Samenvatting histo en cyto
1. Celorganellen
Mitochondriën
2 membranen
o Binnen membraan= weinig permeabel, gradiënt over binnen
membraan wordt gebruikt voor ATP-productie, zeer sterk geplooid =
meer opp. -> vorming cristae mitochondriales bladvormig of
buisvormig, bestaat voor ¾ uit eiwitten (ademhalingsenzymen,
transporteiwitten), plooiing verhoogd bij hogere metabole activiteit
o Buiten membraan omgeeft gans mito, permeabel voor niet al te
grote moleculen incl. kleine eiwitten, bevat veel transporteiwitten,
bevat enzymen die conversie (omzetting) van bepaalde substraten
bewerkstelligen en enzymen voor vetsynthese/ vetzuurmetabolisme
Intermembranaire ruimte
Matrix: bevat enzymen van vetzuuroxidatie en deel
citroenzuurcyclus, ronde matrixkorrels = neerslagen van calcium en
magnesiumzouten, oxidatie van lipiden + pyruvaat + Krebscyclus
gebeuren hier
Komt voor in alle eukaryote cellen
Kunnen 2/5 van cytoplasmavolume innemen
Eivormige of langgerekte structuren, soms vertakt
Heterogeen verdeeld over cytoplasma bij verschillende celtypes, vaak
ophoping in gebieden waar veel energie verbruikt wordt
# mito is afhankelijk van energiebehoefte van cel bv bij spieren kweken
meet aerobe capaciteit= meer mito, gaan na enkele weken van niet
sporten ook weer weg, worden afgebroken
Functie: 95% van energie produceren-> nodig voor in stand houden cel
vormen ATP door afbraak organische moleculen in reactieketen, waarbij
O2 wordt verbruikt en CO2 wordt aangemaakt
Synthese mito proteïnen
Merendeel buiten organel gesynthetiseerd door cytosolische ribosomen
(niet gebonden aan ER), opname door receptor proteïnen op opp. van mito
via herkenning van specifieke uptake-targeting sequensen (label aan eiwit
gehangen)
!! aanwezigheid van dubbel membraan vereist voor sommige proteïnen
sequentiële actie van 2 sequenties en 2 membraangebonden
receptorsystemen (TOM= transporter outer membrane, TIM= transporter
inner membrane)
Bijzonderheden:
Bevatten eigen circulair DNA en ribosomen + enzymen om proteïnen
te synthetiseren (DNA en enzymen lijken sterk op bacterieel DNA en
enzymen)
Kunnen instaan voor eigen onderhoud, groei en vermenigvuldiging
,Ribosomen
Ronde of langgerekte deeltjes, doorsnede 20nm, 2 sub eenheden van
ongelijke grootte (1 groter dan andere)
Gemaakt in nucleolus (rRNA), als er veel ribosomen nodig zijn, zal cel een
grote nucleolus hebben, rest bestanddelen = verschillende eiwitten
2 vormen: membraangebonden (cytoplasmatische zijde ER) of vrije
ribosomen
Functie: assemblage (samenstelling) AZ tot polypeptideketens->
essentieel voor in stand houding cel
Komen meestal voor in groepjes polyribosomen of polysomen, bij elkaar
gehouden door streng mRNA
Vorming proteïnen op ribosomen:
1. Initiatie: verschillende initiatiefactoren, assemblage functioneel en
competent ribosoom, mRNA moet startcodon (AUG=methionine)

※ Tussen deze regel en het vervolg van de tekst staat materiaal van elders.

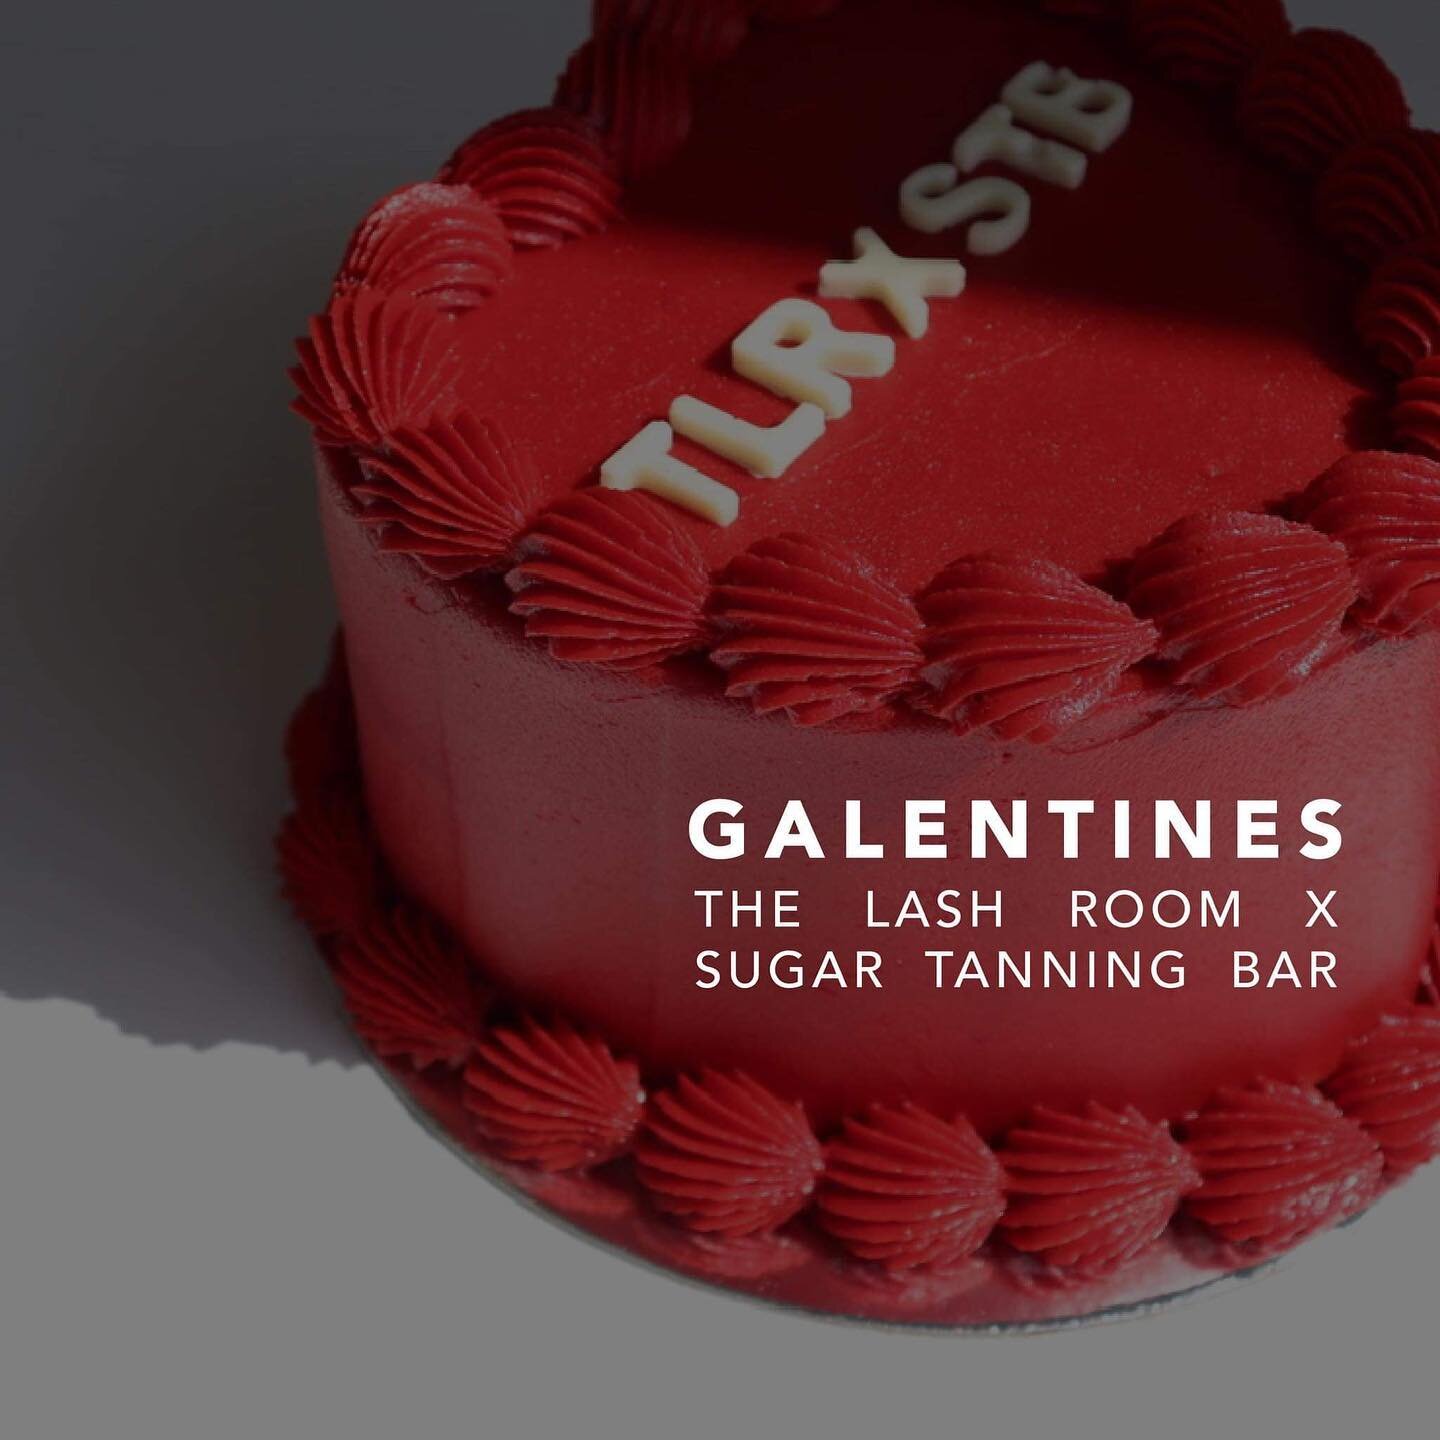 Valentines is a day for love, and we love spray tans with our lashes😉 bring a friend along for a Galentines day with us &amp; @thelashroom 🤎🤍

gepositioneerd in zijn P-site (peptidylsite) en moet gepaard zijn met
initiator-tRNA
2. Elongatie: verschillende elongatiefactoren (EF) spelen rol bindt
met aminoacyl-tRNA, plaatst het op A-site, binding met tRNA in P-
site, elongatie peptide
3. Terminatie: verschillende releasefactoren herkenning stopcodons
(UAG, UAA, UGA), beëindigen polypeptidesynthese> release
proteïne van tRNA, release tRNA van ribosoom ribosomale
subeenheden separeren van mRNA
Endoplasmatische reticulum
Met ribosomen= ruw (rough) ER produceert eiwitten (ribosomen erop
produceren) voor vesikulatie, exocytose transmembraanproteinen,
wateroplosbare proteïnen; staat in verbinding met kern poriën, ribosomen
hechten aan RERmembraan via SRP (signal recognition particle) en Sec61
(proteïne translocator)
Zonder ribosomen = glad (smooth) ER produceert enzymen met
belangrijke rol in sterol metabolisme (steroïden)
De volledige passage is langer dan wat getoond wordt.